Although Guerra was busted for perjury, Chevron has kept him on its payroll to this day. The $2 million in payments is only what Chevron disclosed it had paid Guerra as of 2013. Today, that number is surely an order of magnitude greater, but Chevron refuses to disclose the real value of the slew of benefits it has bestowed on this tawdry criminal.

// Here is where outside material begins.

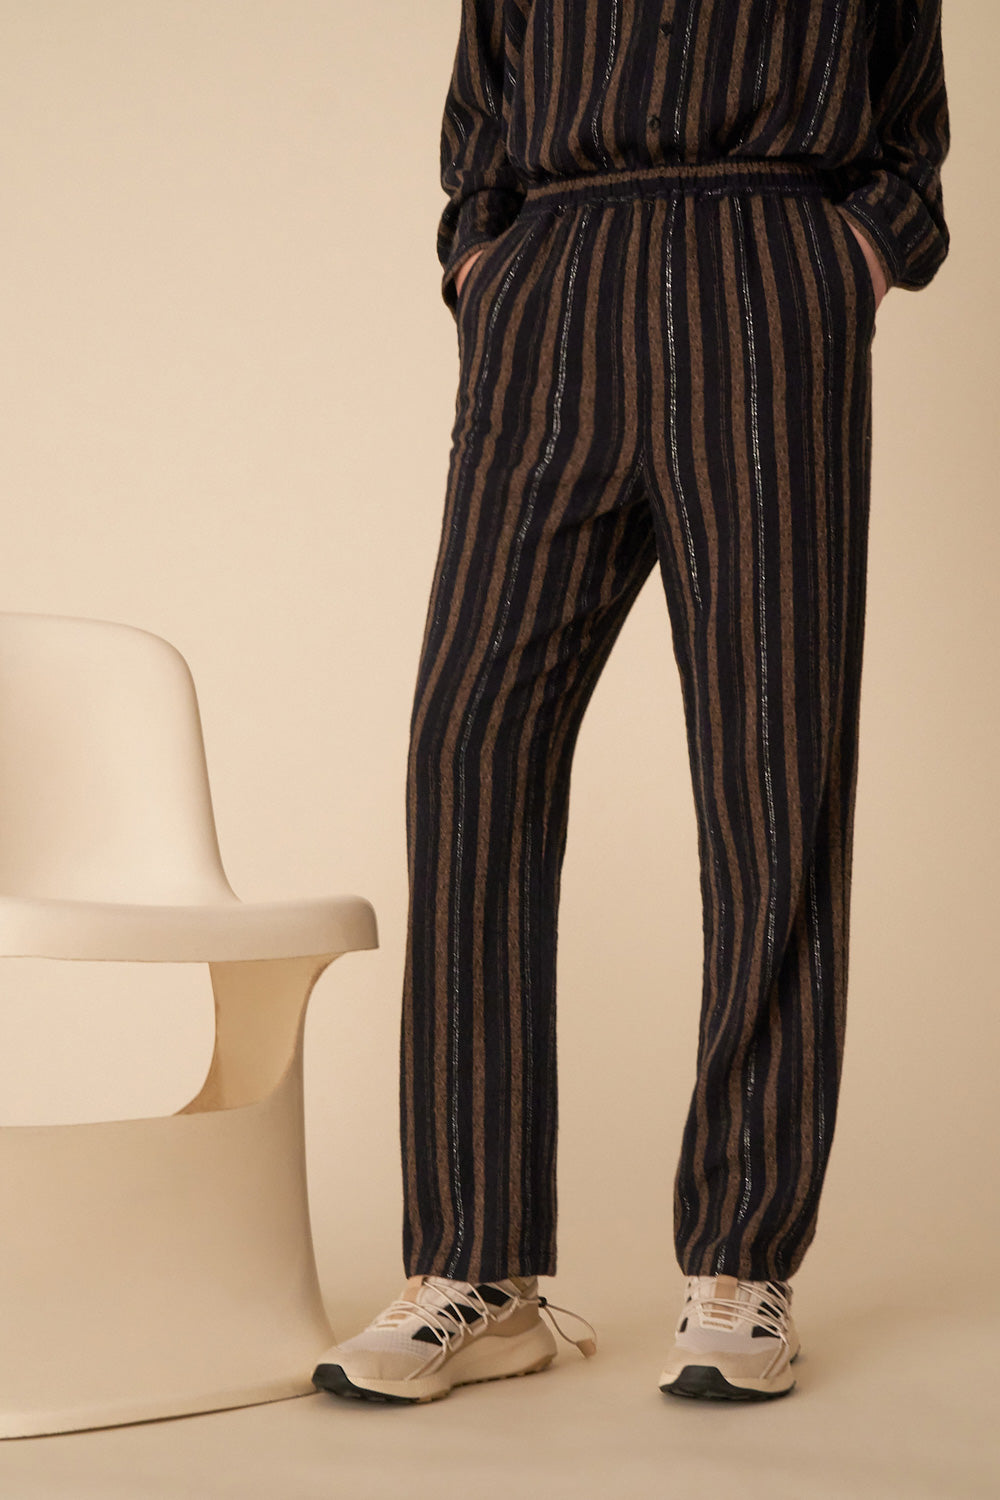 bonnie etretat striped trousers
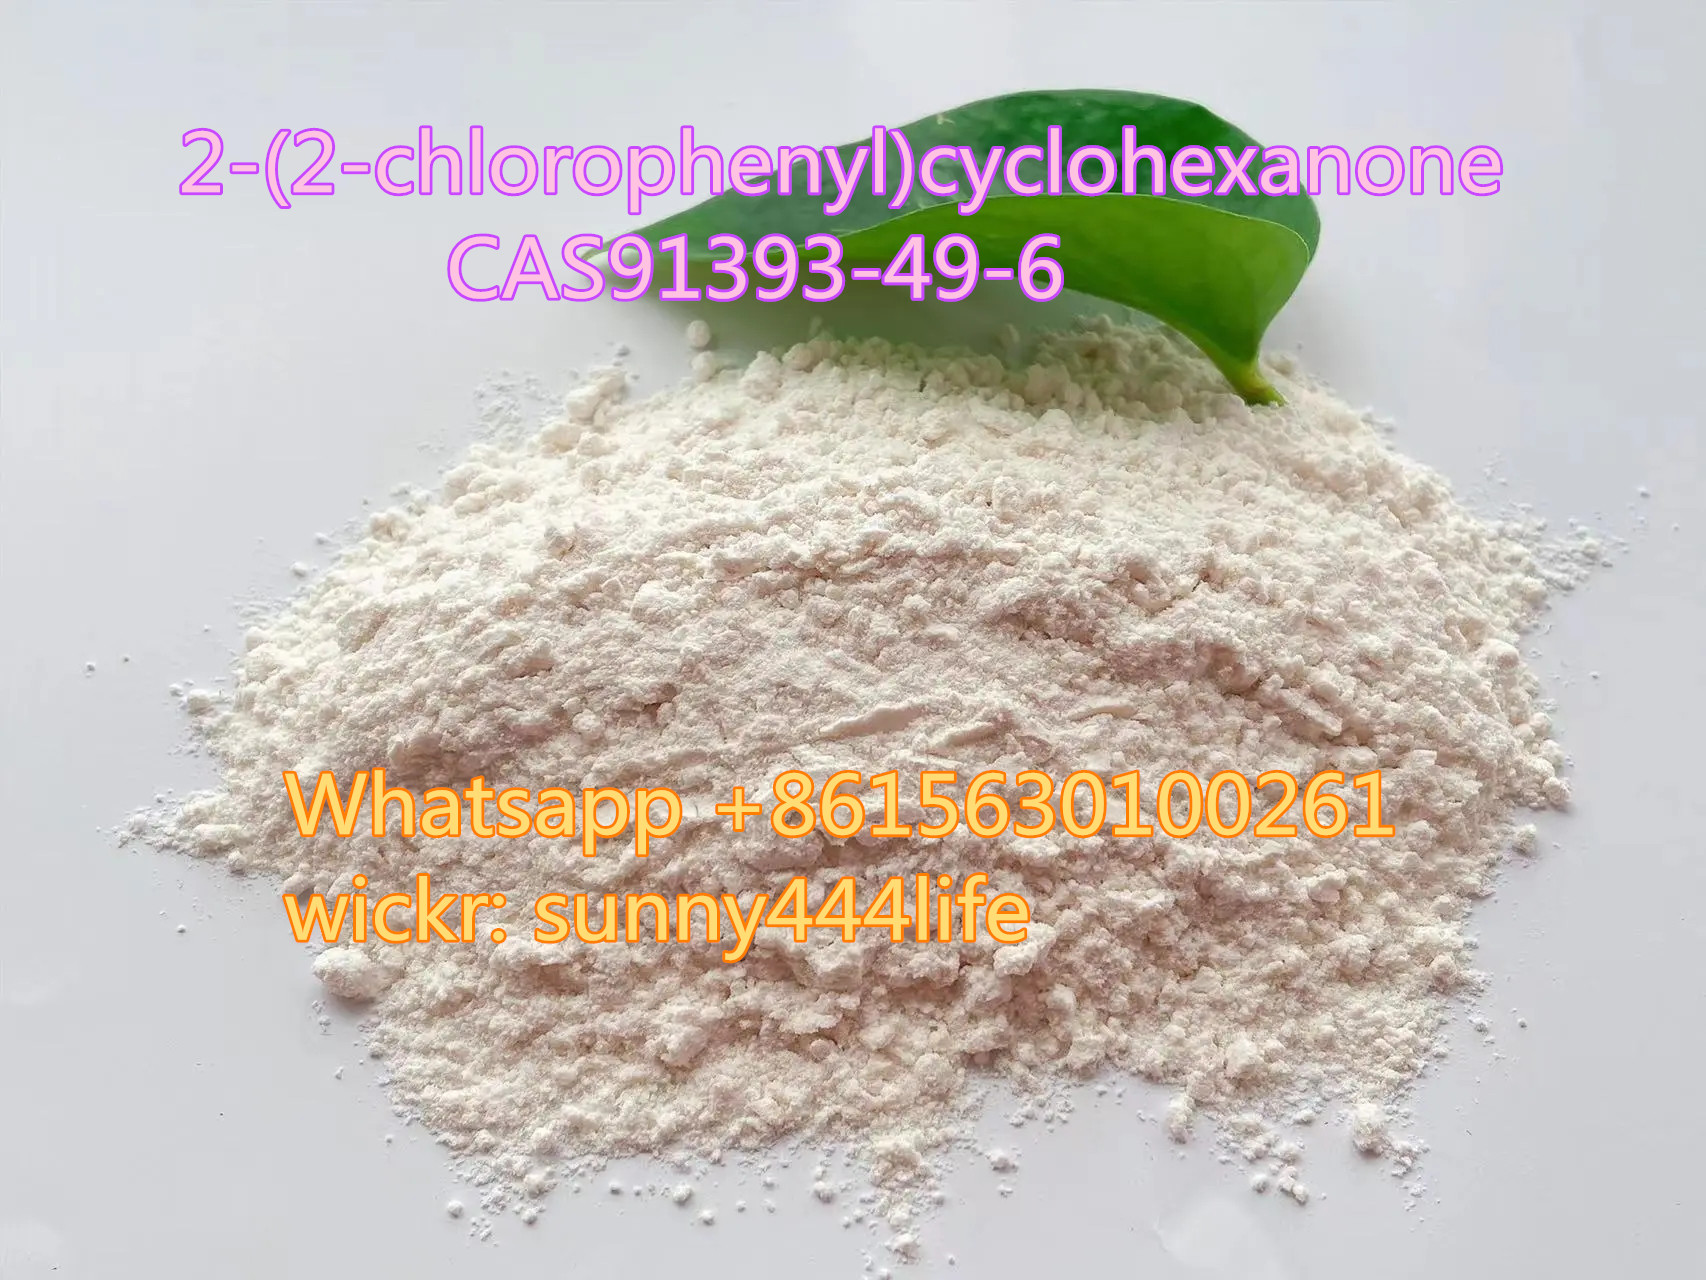 2-(2-chlorophenyl)cyclohexanone CAS91393-49-6 chemical liquid  - photo

When the dust clears and the villagers collect on their judgment – most likely in Canada, where they are advancing toward a seizure of company assets after winning a unanimous decision before the country's Supreme Court – that will not be the end of the story. The people in and out of Chevron responsible for this abuse of power need to be held accountable. They include, most notably, Chevron CEO John Watson, Chevron General Counsel R. Hewitt Pate and Randy Mastro, Andrea Newman, and Avi Weitzman from the outside firm of Gibson Dunn.
Chevron's RICO case and the bombastic, inaccurate, and pre-ordained factual conclusions of Judge Kaplan's show trial are currently being reviewed by a New York federal appellate court. That court had a relatively easy job to begin with, given the many fatal flaws in Chevron's case. The U.S. Supreme Court's latest decision on the RICO law just made that job even easier.